* _Task requirements_
Retype all data exactly as given. Pictures should not be retyped.

* _Data block_
· · · · ·
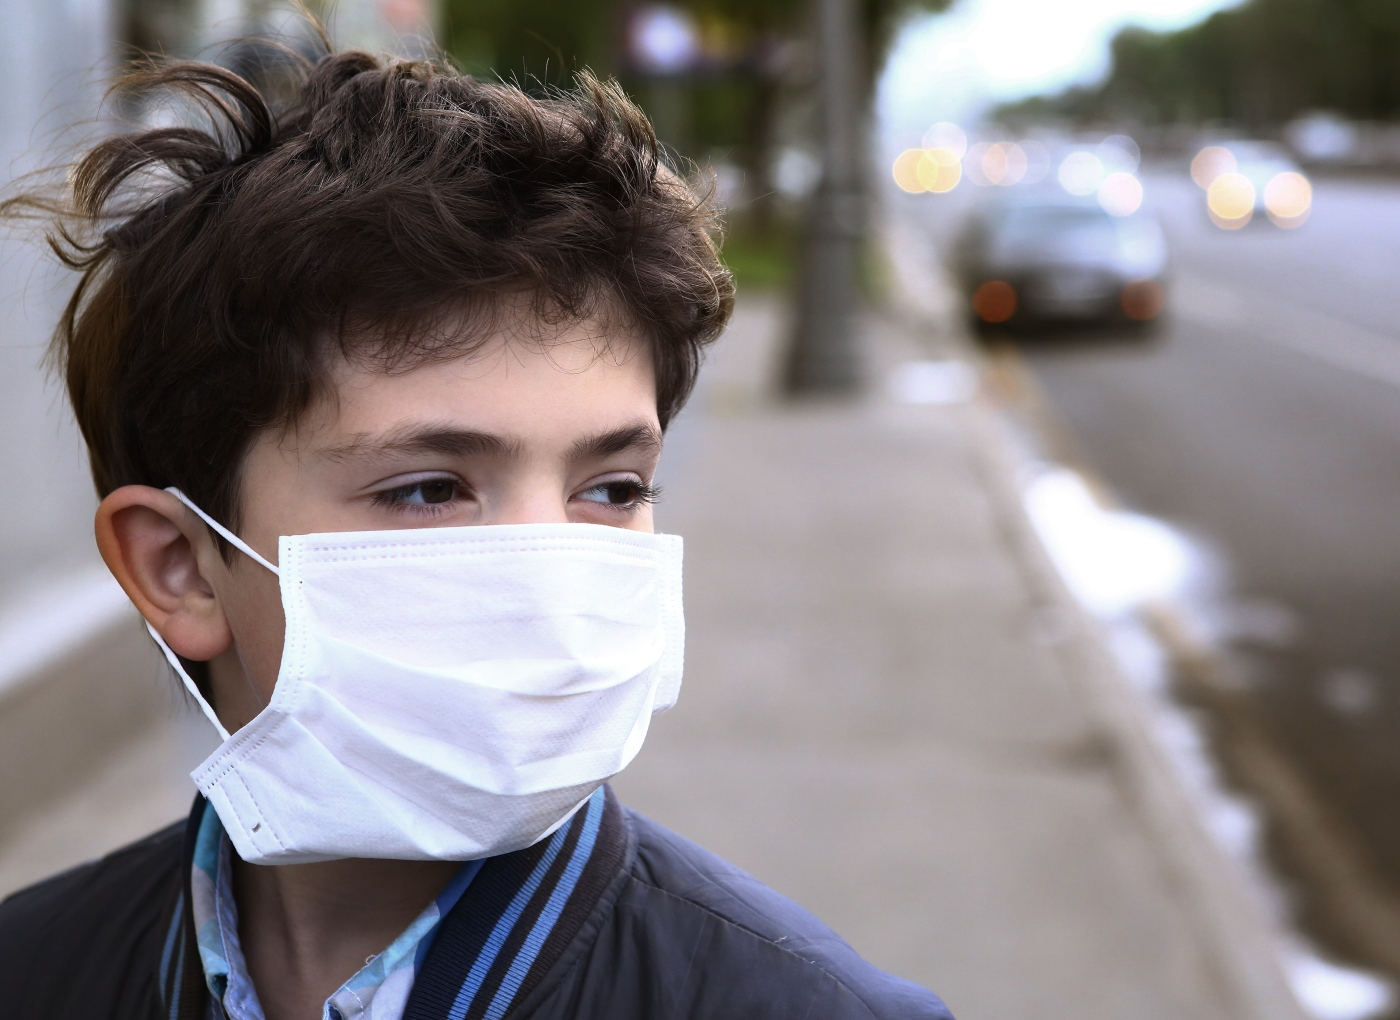 COVID-19: rapaz com máscara protetora
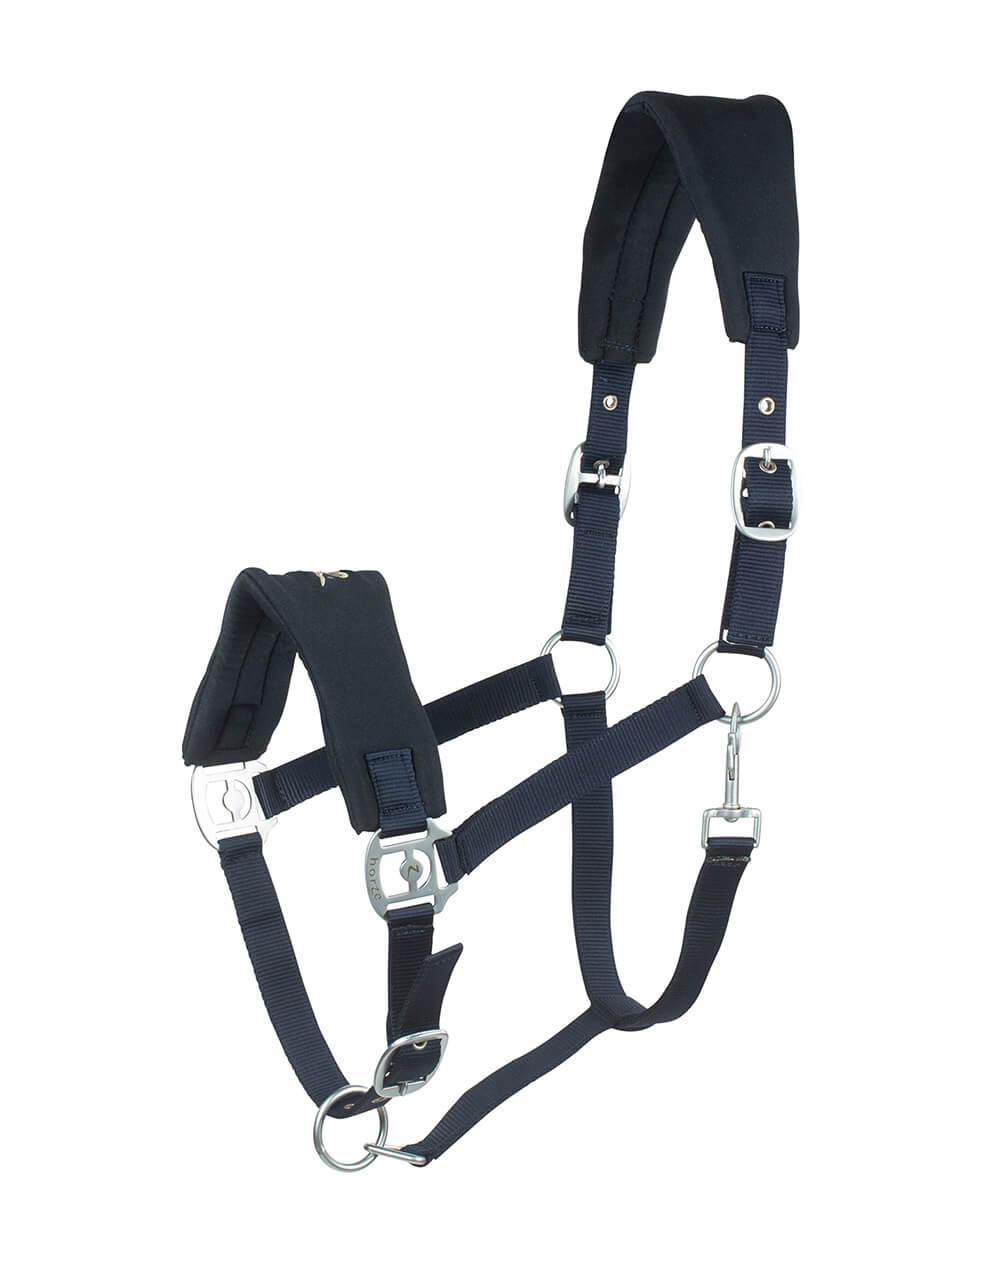 Soft padded adjustable horse halter in navy
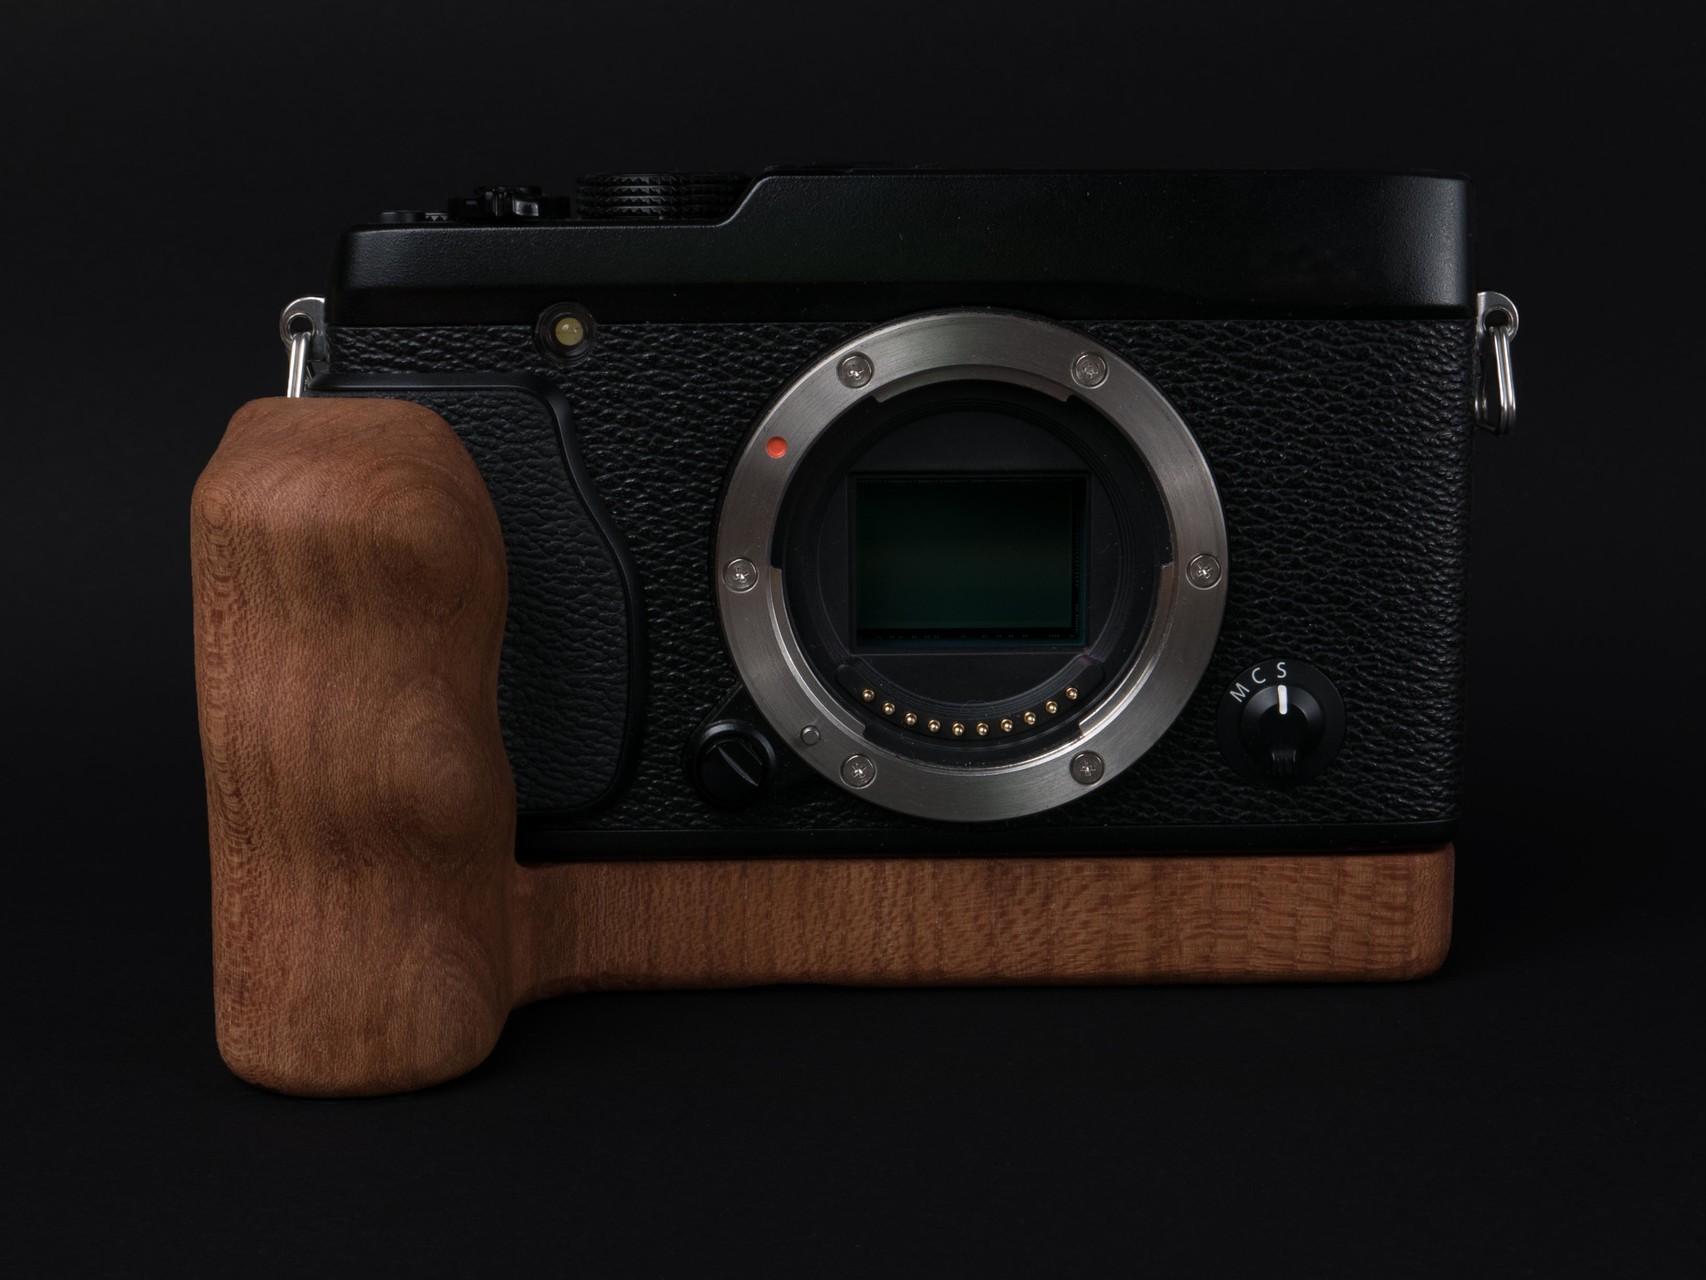 Fujifilm X-E1 mit Holzgriff
· · · · ·
* _Result of the task_
 COVID-19: rapaz com máscara protetora
 Soft padded adjustable horse halter in navy
 Fujifilm X-E1 mit Holzgriff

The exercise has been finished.